Wednesday, September 28, 2016

Postojna Cave and Ljubljana

On Friday, September 2nd, after breakfast at the hotel and Mary Joy and I made a quick visit to the nearby green market, the group boarded the bus, soon crossing the Slovenian border (Slovenia, not Slavonia, which is northeastern Croatia). After about an hour-and-a-half, we arrived at one of Slovenia’s major tourist attractions, Postojna Cave, which has been open to the public for nearly two hundred years.

To get from the entrance to the best part of the cave, you ride a train. Then you follow a one-way route that takes you around and back again to the train station. We were given an audio guide, but I listened very little to mine, because I was too busy taking pictures. Then lens I had normally been using with my new DSLR camera was an 18 mm, to 55 mm. zoom, but for the cave, where neither flash nor tripod was allowed, I used my 50 mm. fixed lens, which could get to a substantially lower f-stop number, allowing me to use a faster shutter speed, minimizing blurring from jiggle. I ended up taking over a hundred pictures there.

We had lunch (not great—including canned fruit cocktail—but what would you expect?) onsite, at one of the eateries along the sales strip leading to the door of the cave. Then we drove to nearby Predjama Castle, the “castle-in-a-cave,” for a photo op.

From there, we went on to Ljubljana, the very pleasant capital and largest city of Slovenia, checking into the Hotel Lev (“Lion” in Slovenian). Slovenian is a Slavic language, like Serbo-Croat, but the two languages are not mutually intelligible. Ivana would remark, when we were on Lake Bled, that when she heard the boatmen there talking with one another, the only thing she could understand was their cursing, which, for some reason, was done in Italian.

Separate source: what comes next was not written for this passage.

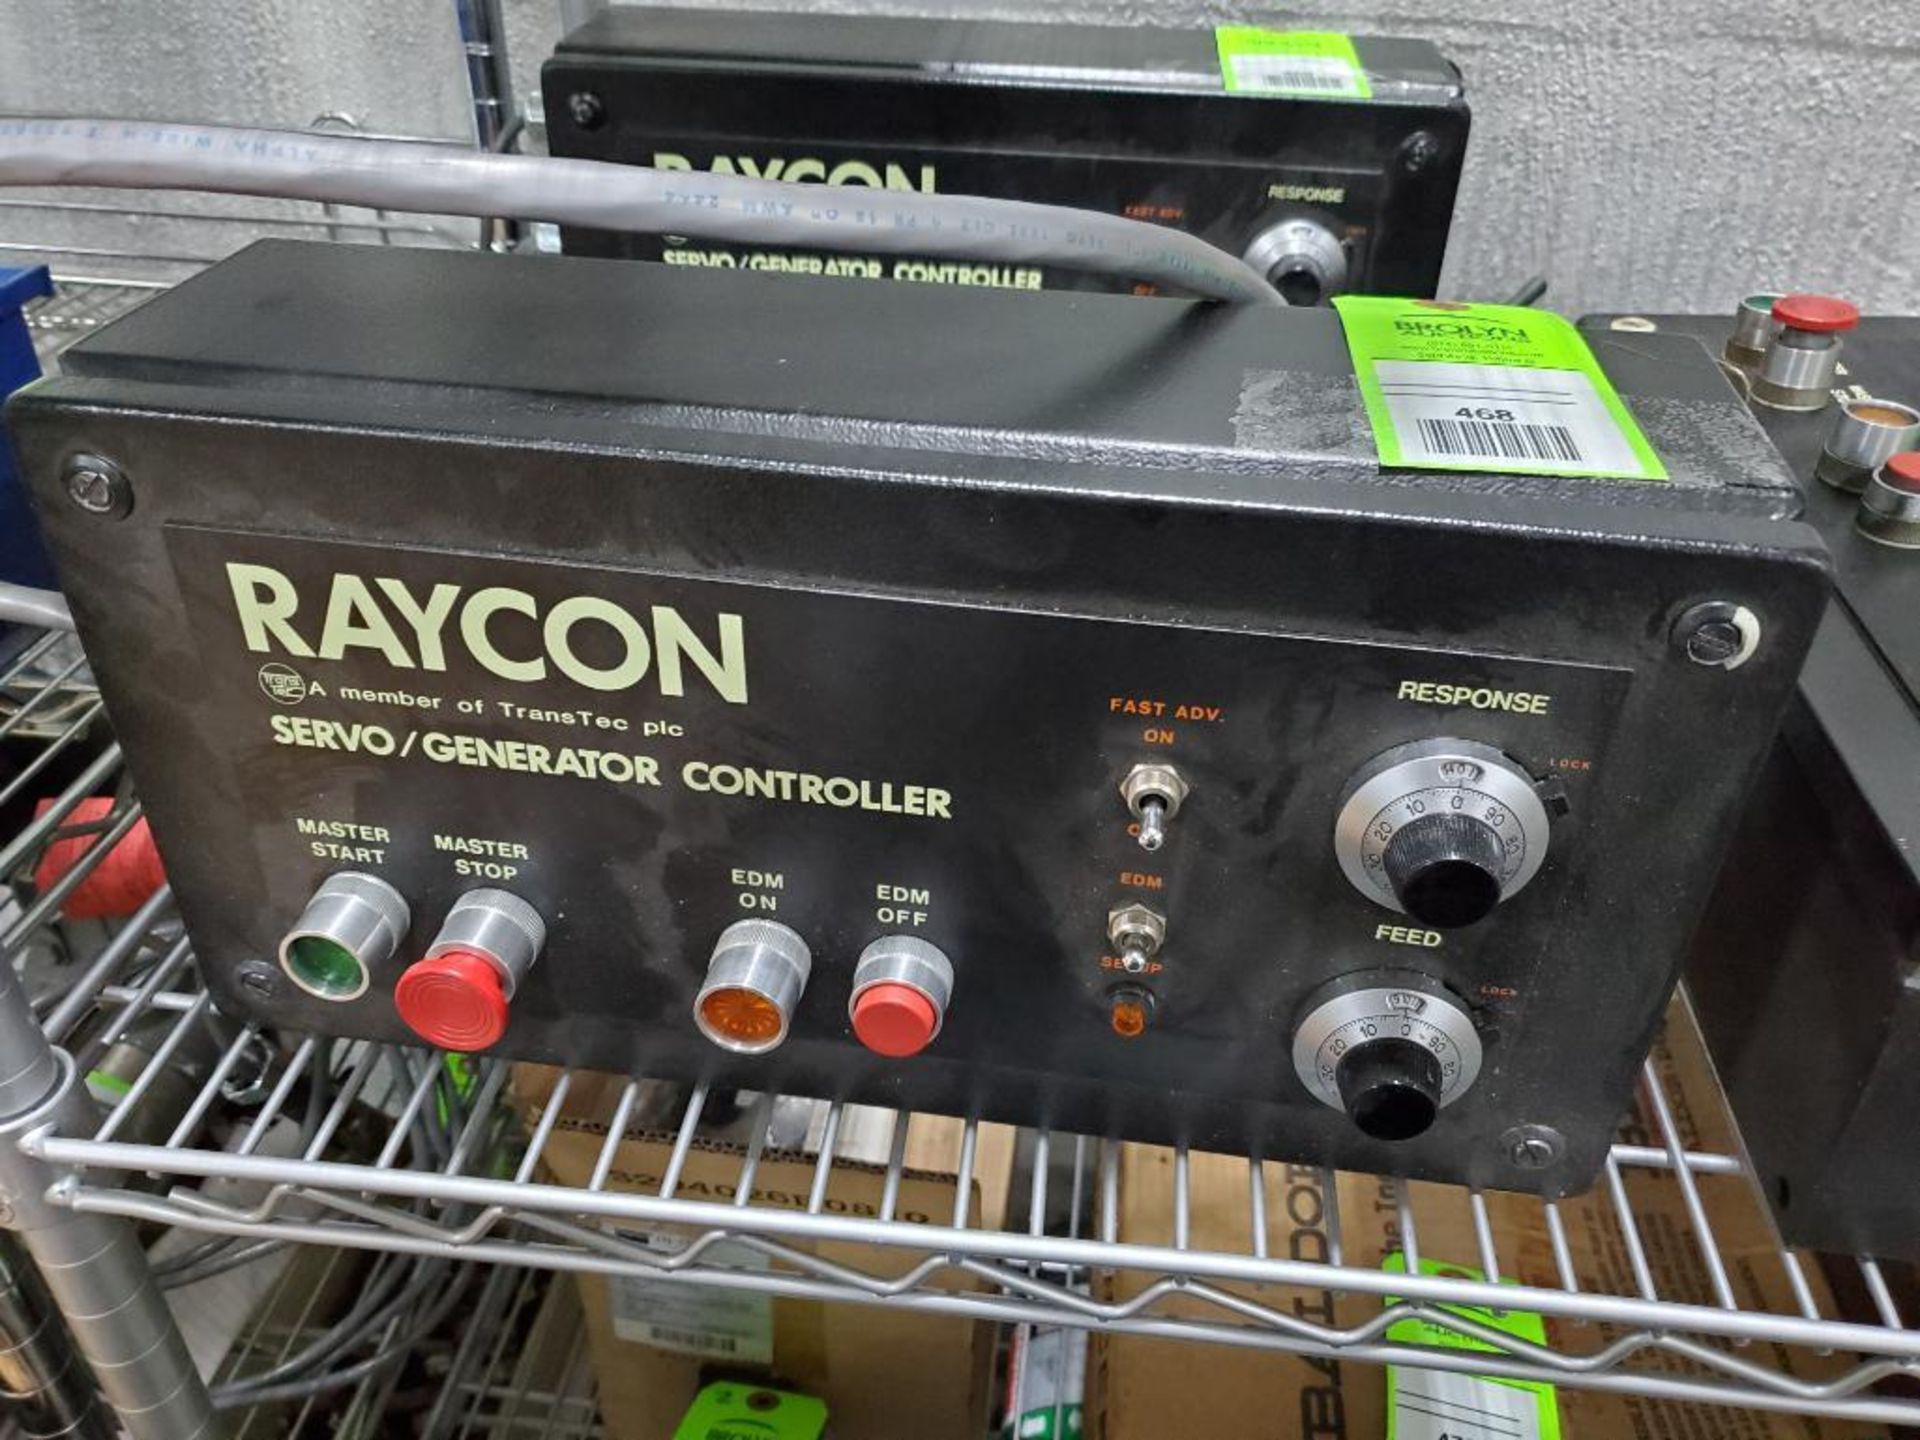 Raycon servo generator controller.

After freshening up, we went on a walking tour with an old guy who was the funniest and quirkiest local guide on the trip. You can’t visit Ljubljana without hearing the name Joze Plecnik, the architect who remolded the city in an Art Nouveau style in the 1920s and ‘30s. He is especially known for the Triple Bridge—three bridges, next to one another, crossing the Ljubljana River at different angles at Preseren Square, the main square of the Old Town. And towering over it all, on a steep hill at the very center of the city, is Ljubljana Castle.

Afterwards, we ate at a restaurant with outdoor seating, near the Cathedral. Several people had and liked the octopus salad. Mary Joy and I had soup (she mushroom, I onion, in hollowed out bread loaves.

On the way back to the hotel, Ivana pointed out a “milk-o-mat”—a machine vending unpasteurized milk, fresh from the country, into containers that you either brought or bought from the machine.

We crossed a bridge whose pavement along either railing was made of glass. This was a bridge that, like the Pont des Arts in Paris (until the city government had had enough and cleared it off), had hundreds of locks locked toits railings, put there by lovers to show their commitment to one another. We stopped for ice cream along the way at the street stand outside a dessert restaurant called Cacao.